The intense and rewarding world of wedding planning | Vicky Meets
Vicky meets... Nickie Dixon, events director at Farbridge, West Dean.
• What is Farbridge and what do you do there?
An old converted dairy farm on the West Dean estate, Farbridge is primarily a wedding venue. We have accommodation on site and our multi-skilled team look after the full running of weddings and events. My husband, Simon, is the head chef. We both have events backgrounds and we took over the running of Farbridge six years ago.
• Is there a typical Farbridge wedding?
No. All couples have different dreams and our team has to make sure that these are fully explored and delivered. It is all incredibly detailed. We want our couples to feel like they are the only people on Earth getting married. From the moment they view the venue we go on a journey with them.
• The impact of Covid-19 on the wedding industry has been huge, hasn’t it?

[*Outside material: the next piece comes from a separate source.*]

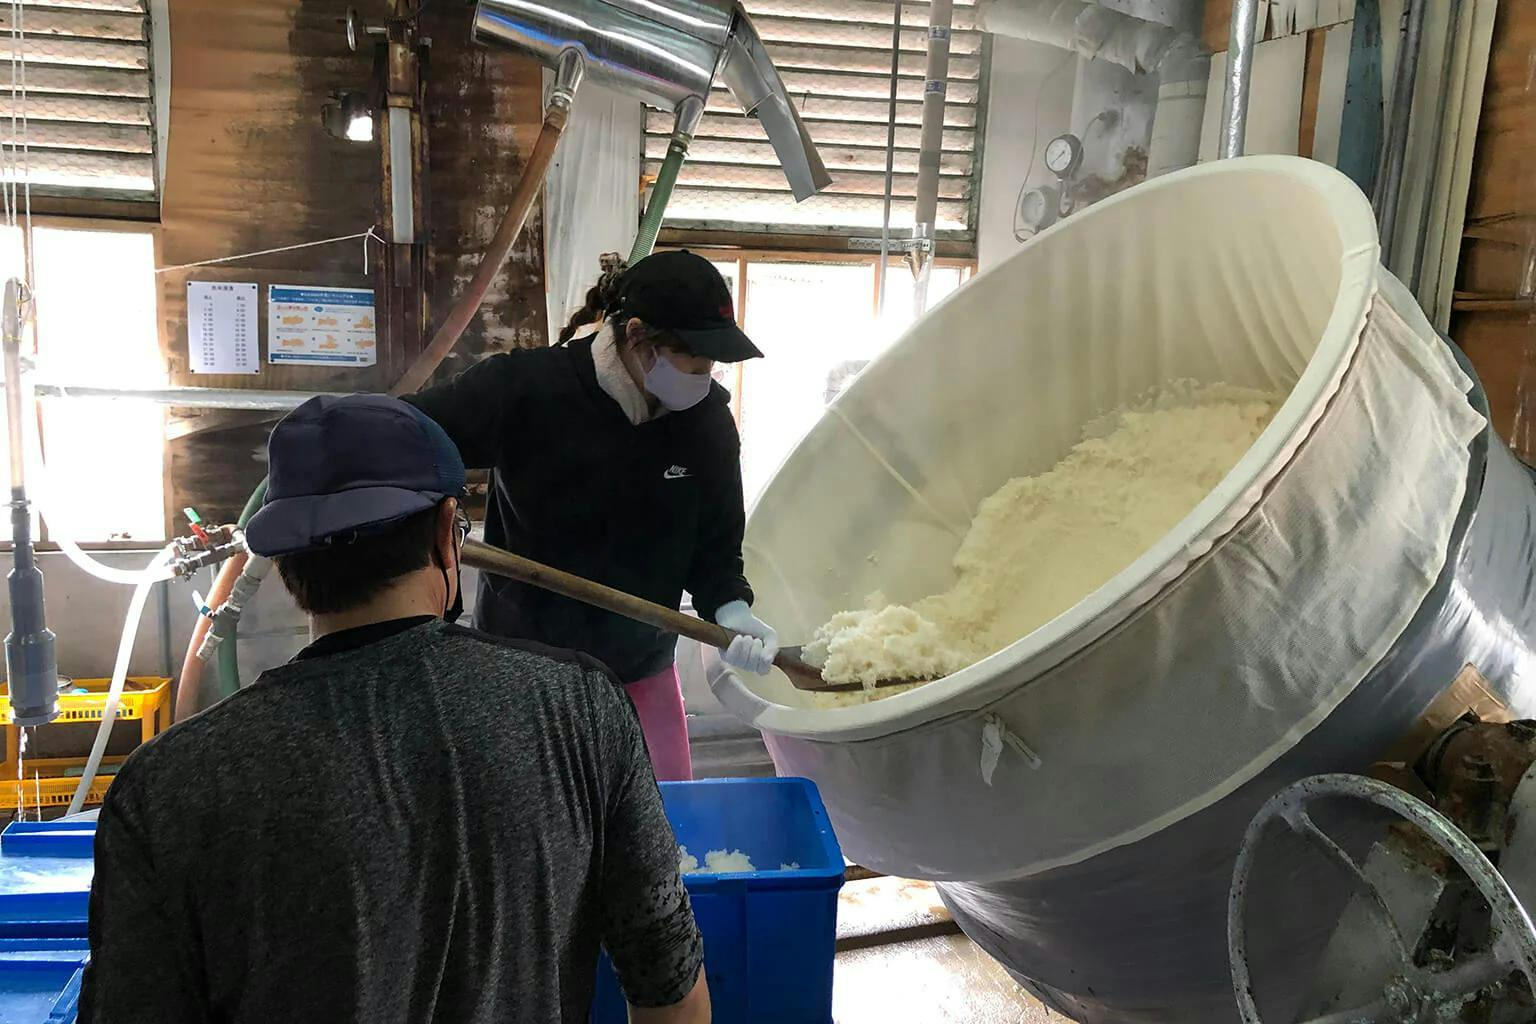 Rina shovels freshly steamed rice out of its tank. | Photo by Azusa K.

Our poor couples! 2020 was set to be a bumper year for weddings everywhere, but then everything was stopped. It was devastating. We immediately contacted our couples and rearranged dates, with a contingency for them to stick to their original date if guidance changed. In the early stages there was a lot of hope, but as time went on our event managers had to have some awful conversations and there were lots of tears. But we were able to give couples a plan B, which gave them a sense of control. But over time plan B became plan C, and then plan D. Some of them are now getting married in 2023. The wedding industry as a whole has been dreadfully impacted. For some of our suppliers this was their life and it just stopped. But it is coming back and we have lots of weddings to look forward to now.
• What makes a good wedding event planner?
The best place to start out is, as I did, as waiting or bar staff. You’ll need to rule out your weekends and be prepared to work a 16-hour day. You need a lot of energy and to be able to think on your feet. We once had to figure out how to get a bride from the suite to the aisle without a storm destroying her hair and dress, and without anyone seeing her. You’re immersed in very personal and sometimes emotional circumstances. Weddings are intense on all levels!
• How do you feel at the end of a wedding?
It’s the most rewarding job. The adrenalin is extraordinary. You start at 9am and you literally don’t sit down until 1am. But when your couple hugs and thanks you at the end it is so worth it. Then you go home, have a glass of wine and take your shoes off. The feeling when you take those shoes off is the best in the world!
• What’s your top tip for a couple on their wedding day?
Take ten minutes together after the ceremony to be alone together and to reflect on the wonderful thing you’ve just done.